ASSIGNMENT: Look at the entries below and reproduce them exactly.

TASK INPUT:
::::::::::
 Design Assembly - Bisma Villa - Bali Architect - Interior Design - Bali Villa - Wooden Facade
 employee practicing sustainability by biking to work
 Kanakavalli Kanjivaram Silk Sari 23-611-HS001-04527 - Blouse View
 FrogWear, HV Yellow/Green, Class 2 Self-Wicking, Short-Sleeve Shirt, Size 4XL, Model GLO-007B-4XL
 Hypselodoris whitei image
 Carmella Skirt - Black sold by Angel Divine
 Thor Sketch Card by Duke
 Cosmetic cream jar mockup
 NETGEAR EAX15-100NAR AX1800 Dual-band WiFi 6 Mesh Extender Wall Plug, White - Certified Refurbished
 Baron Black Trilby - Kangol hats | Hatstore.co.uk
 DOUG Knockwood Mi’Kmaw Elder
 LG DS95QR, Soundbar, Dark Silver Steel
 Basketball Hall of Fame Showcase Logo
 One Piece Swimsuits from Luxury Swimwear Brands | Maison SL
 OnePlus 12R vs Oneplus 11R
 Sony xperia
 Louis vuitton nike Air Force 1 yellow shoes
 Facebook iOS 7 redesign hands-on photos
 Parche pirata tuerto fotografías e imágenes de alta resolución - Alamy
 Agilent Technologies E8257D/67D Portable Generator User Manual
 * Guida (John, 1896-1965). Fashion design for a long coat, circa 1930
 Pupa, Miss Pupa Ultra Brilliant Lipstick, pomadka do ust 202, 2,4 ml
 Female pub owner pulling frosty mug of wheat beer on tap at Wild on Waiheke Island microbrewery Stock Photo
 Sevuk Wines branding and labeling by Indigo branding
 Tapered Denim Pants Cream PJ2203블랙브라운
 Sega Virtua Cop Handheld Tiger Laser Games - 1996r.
::::::::::
OUTPUT BELOW:
 Design Assembly - Bisma Villa - Bali Architect - Interior Design - Bali Villa - Wooden Facade
 employee practicing sustainability by biking to work
 Kanakavalli Kanjivaram Silk Sari 23-611-HS001-04527 - Blouse View
 FrogWear, HV Yellow/Green, Class 2 Self-Wicking, Short-Sleeve Shirt, Size 4XL, Model GLO-007B-4XL
 Hypselodoris whitei image
 Carmella Skirt - Black sold by Angel Divine
 Thor Sketch Card by Duke
 Cosmetic cream jar mockup
 NETGEAR EAX15-100NAR AX1800 Dual-band WiFi 6 Mesh Extender Wall Plug, White - Certified Refurbished
 Baron Black Trilby - Kangol hats | Hatstore.co.uk
 DOUG Knockwood Mi’Kmaw Elder
 LG DS95QR, Soundbar, Dark Silver Steel
 Basketball Hall of Fame Showcase Logo
 One Piece Swimsuits from Luxury Swimwear Brands | Maison SL
 OnePlus 12R vs Oneplus 11R
 Sony xperia
 Louis vuitton nike Air Force 1 yellow shoes
 Facebook iOS 7 redesign hands-on photos
 Parche pirata tuerto fotografías e imágenes de alta resolución - Alamy
 Agilent Technologies E8257D/67D Portable Generator User Manual
 * Guida (John, 1896-1965). Fashion design for a long coat, circa 1930
 Pupa, Miss Pupa Ultra Brilliant Lipstick, pomadka do ust 202, 2,4 ml
 Female pub owner pulling frosty mug of wheat beer on tap at Wild on Waiheke Island microbrewery Stock Photo
 Sevuk Wines branding and labeling by Indigo branding
 Tapered Denim Pants Cream PJ2203블랙브라운
 Sega Virtua Cop Handheld Tiger Laser Games - 1996r.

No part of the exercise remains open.